Utente di lunga data
Buongiorno Palladiano:)
Da alcuni giorni mi sembra di stare un po' meglio. Sensazione strana da comprendere : ho come l'impressione di essere più distaccata mentalmente dai pensieri che mi assillano. Forse sono stata più occupata del solito, o più concentrata su me stessa; spero non sia una percezione passeggera, ma piuttosto un ...nuovo inizio. (Non mi illudo)
Cioa! Sono entrata soprattutto per vedere come stavi.:)
Felicissima di leggere le tue parole!
Quello che stai provando è l'inizio della risalita: cadrai ancora, probabilmente, ma ti rialzerai sempre più determinata, finché un giorno arriverai in cima!
Sono sicura che ce la farai! Sembra impossibile all'inizio, vero?;)
 

Un_fiordiloto

Utente di lunga data
Cioa! Sono entrata soprattutto per vedere come stavi.:)
Felicissima di leggere le tue parole!
Quello che stai provando è l'inizio della risalita: cadrai ancora, probabilmente, ma ti rialzerai sempre più determinata, finché un giorno arriverai in cima!
Sono sicura che ce la farai! Sembra impossibile all'inizio, vero?;)
Grazie di cuore Apollonia per il gentil pensiero ! :forza:
Spero sia così. Che sia l'inizio della risalita, e spero di non cadere troppe volte.
Mi sento strana però, è come se mi trattenessi ( probabilmente per proteggermi) è come se avessi messo dei paletti nei confronti di mio marito, allo stato attuale pur essendo sempre convinta di voler ricucire il rapporto, sono molto prudente, contengo/limito anche eventuali slanci di affetto : ma non lo faccio di proposito.
 

Allegati

Diletta

Utente di lunga data
Grazie di cuore Apollonia per il gentil pensiero ! :forza:
Spero sia così. Che sia l'inizio della risalita, e spero di non cadere troppe volte.
Mi sento strana però, è come se mi trattenessi ( probabilmente per proteggermi) è come se avessi messo dei paletti nei confronti di mio marito, allo stato attuale pur essendo sempre convinta di voler ricucire il rapporto, sono molto prudente, contengo/limito anche eventuali slanci di affetto : ma non lo faccio di proposito.

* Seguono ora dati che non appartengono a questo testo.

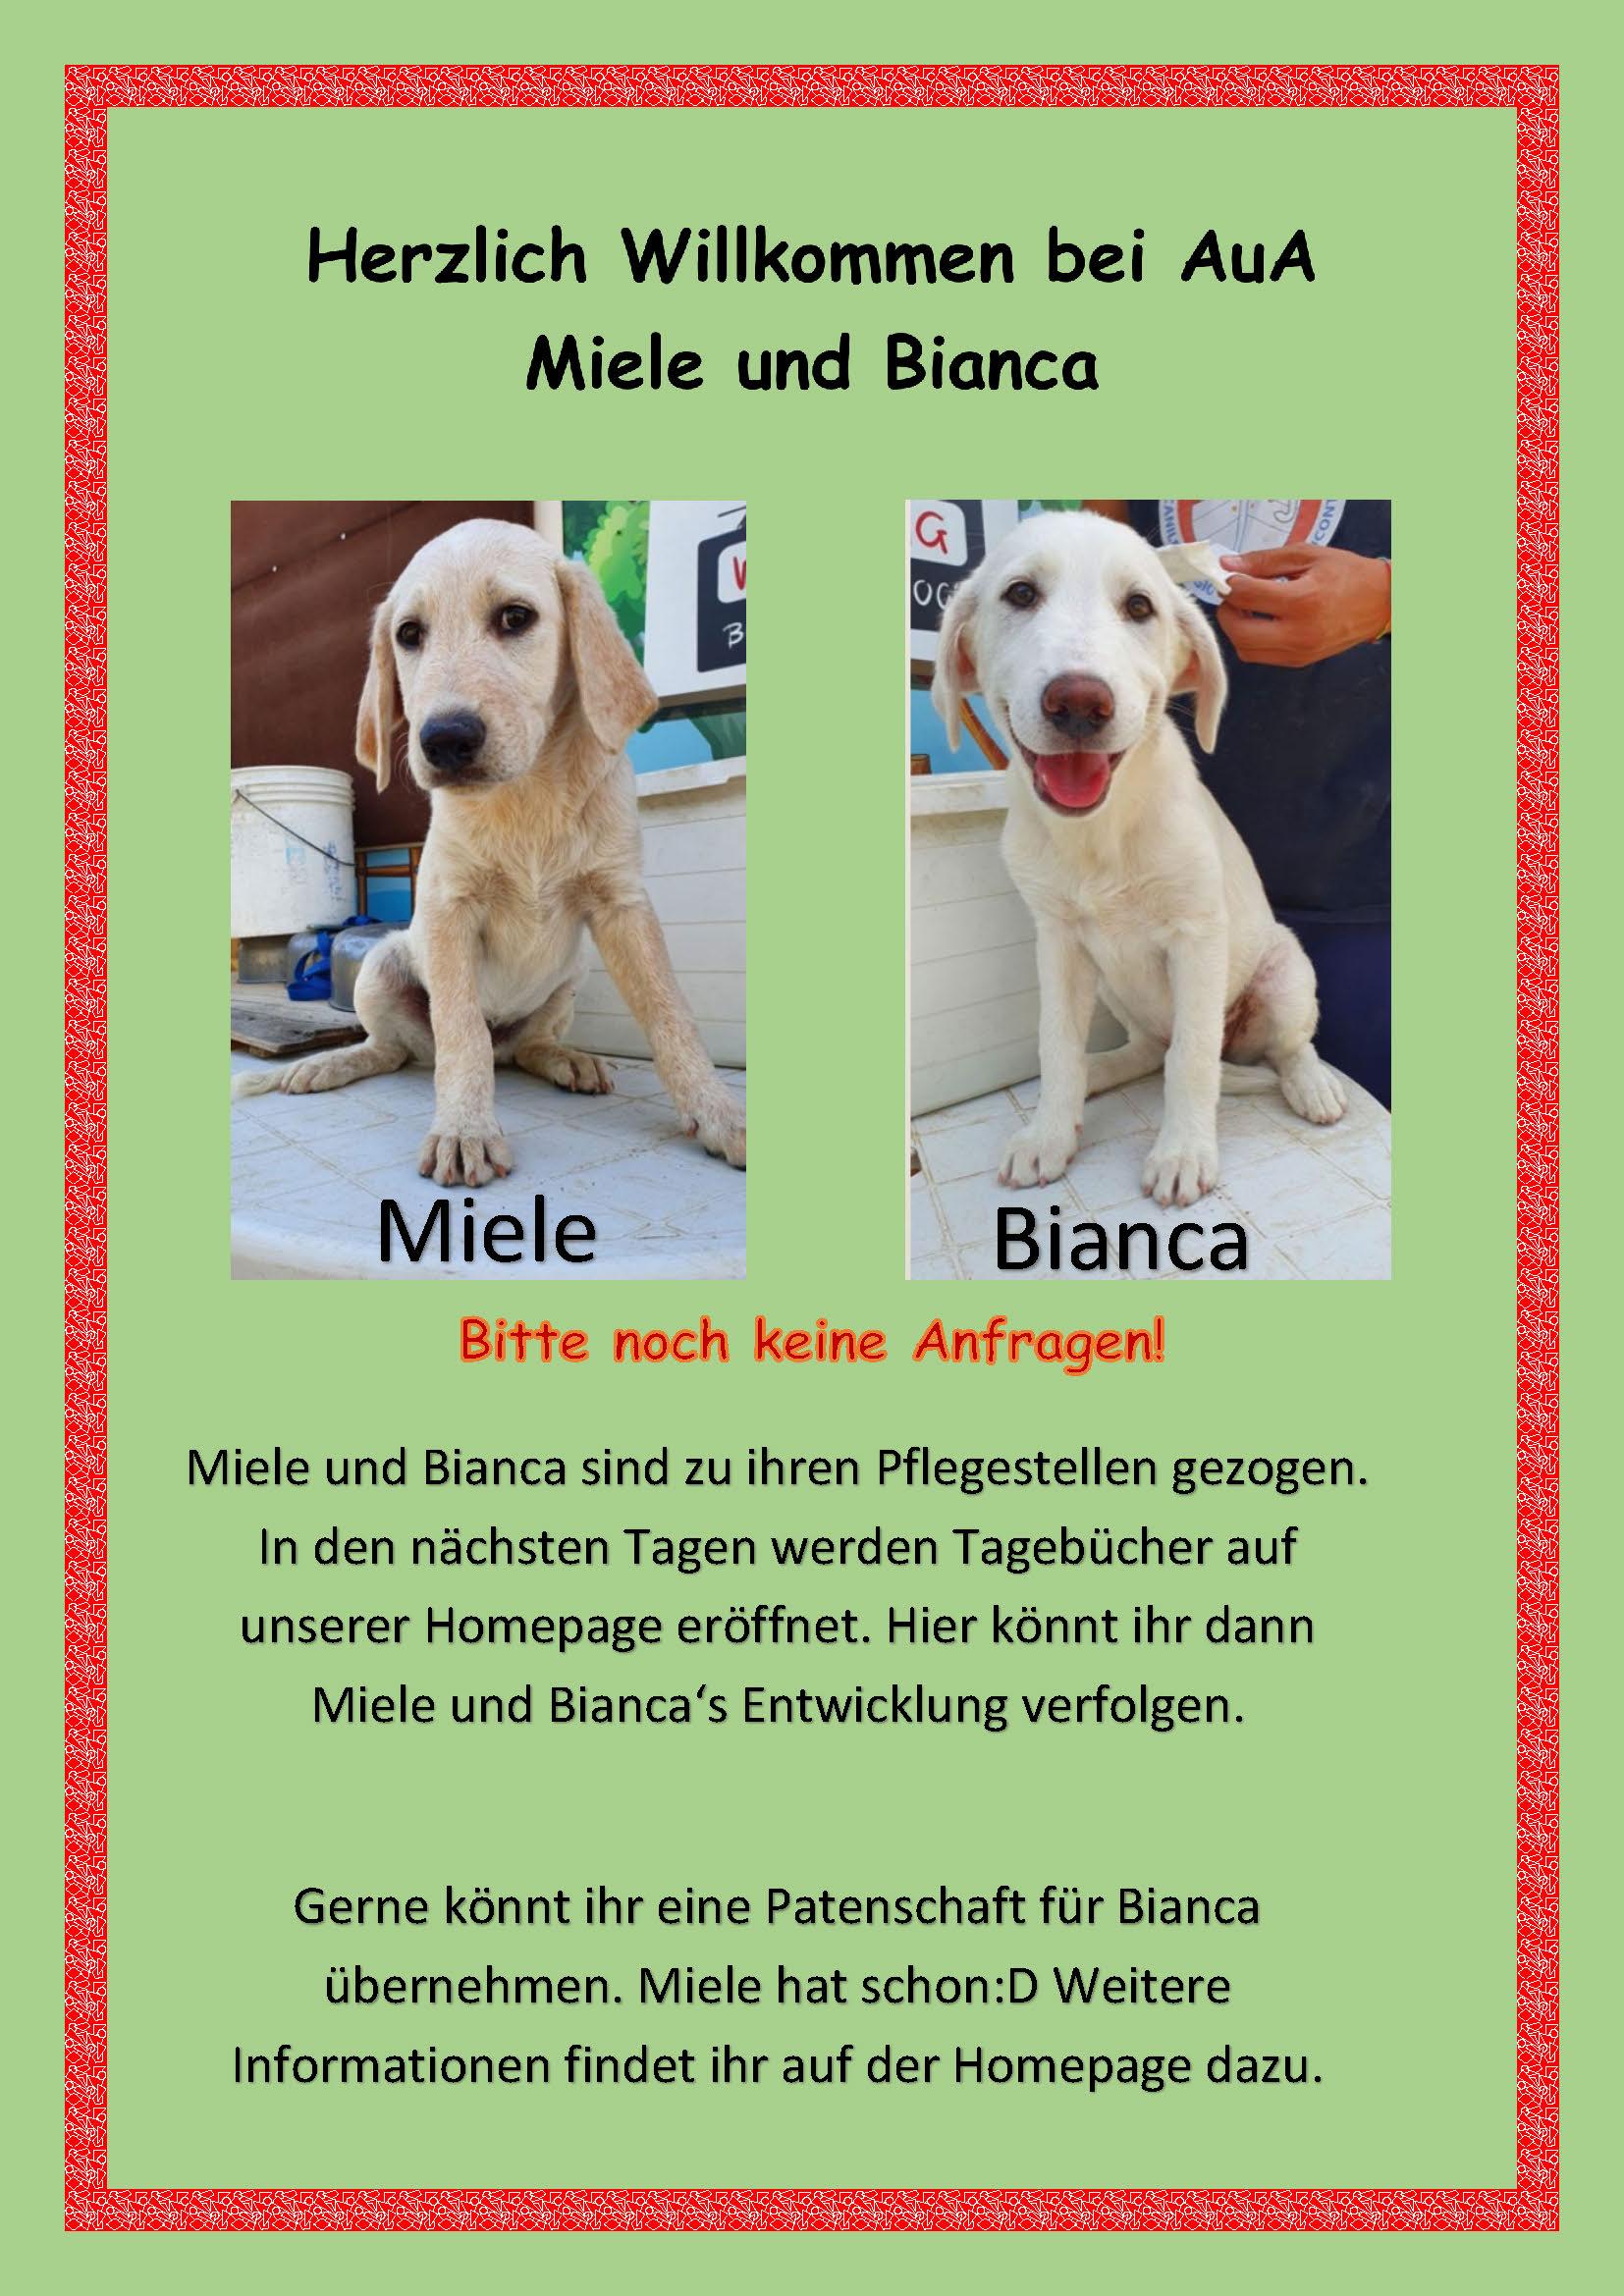 Hunde Miele und Bianca

Fa tutto parte del percorso di "ricucitura".
Il distacco emotivo è una bella trovata dell'animo per proteggersi e guarda che funziona!
Così come gli slanci di affetto: quando ne hai voglia li esprimi perché fa piacere a te, quello che gratifica lui sarà sempre secondario di qui in poi!
Forza e avanti così! :):up:
 

Un_fiordiloto

Utente di lunga data
Fa tutto parte del percorso di "ricucitura".
Il distacco emotivo è una bella trovata dell'animo per proteggersi e guarda che funziona!
Così come gli slanci di affetto: quando ne hai voglia li esprimi perché fa piacere a te, quello che gratifica lui sarà sempre secondario di qui in poi!
Forza e avanti così! :):up:
Grazie Diletta :) Inizio a credere che funzioni veramente.
Come dicevo, inizio a stare un po' meglio, quindi anche il mio umore è sicuramente in salita, si respira un'aria non dico serena, ma quanto meno non c'è più quella tensione da tagliare con il coltello. Non mi va di tornare sempre sull'argomento con mio marito, lo evito proprio perché meno ci penso e meglio sto.
Però a volte mi chiedo e su questo mi piacerebbe confrontarmi con voi ( che ci siete già passate...) non vorrei che mio marito pensasse : " ecco è fatta, sta superando, sta risalendo", scusate, non è facile da spiegare, non voglio passare la mia vita a sbattergli in faccia ciò che ha fatto, ma non vorrei nemmeno che desse tutto per scontato..
 

disincantata

Utente di lunga data
Grazie Diletta :) Inizio a credere che funzioni veramente.
Come dicevo, inizio a stare un po' meglio, quindi anche il mio umore è sicuramente in salita, si respira un'aria non dico serena, ma quanto meno non c'è più quella tensione da tagliare con il coltello. Non mi va di tornare sempre sull'argomento con mio marito, lo evito proprio perché meno ci penso e meglio sto.
Però a volte mi chiedo e su questo mi piacerebbe confrontarmi con voi ( che ci siete già passate...) non vorrei che mio marito pensasse : " ecco è fatta, sta superando, sta risalendo", scusate, non è facile da spiegare, non voglio passare la mia vita a sbattergli in faccia ciò che ha fatto, ma non vorrei nemmeno che desse tutto per scontato..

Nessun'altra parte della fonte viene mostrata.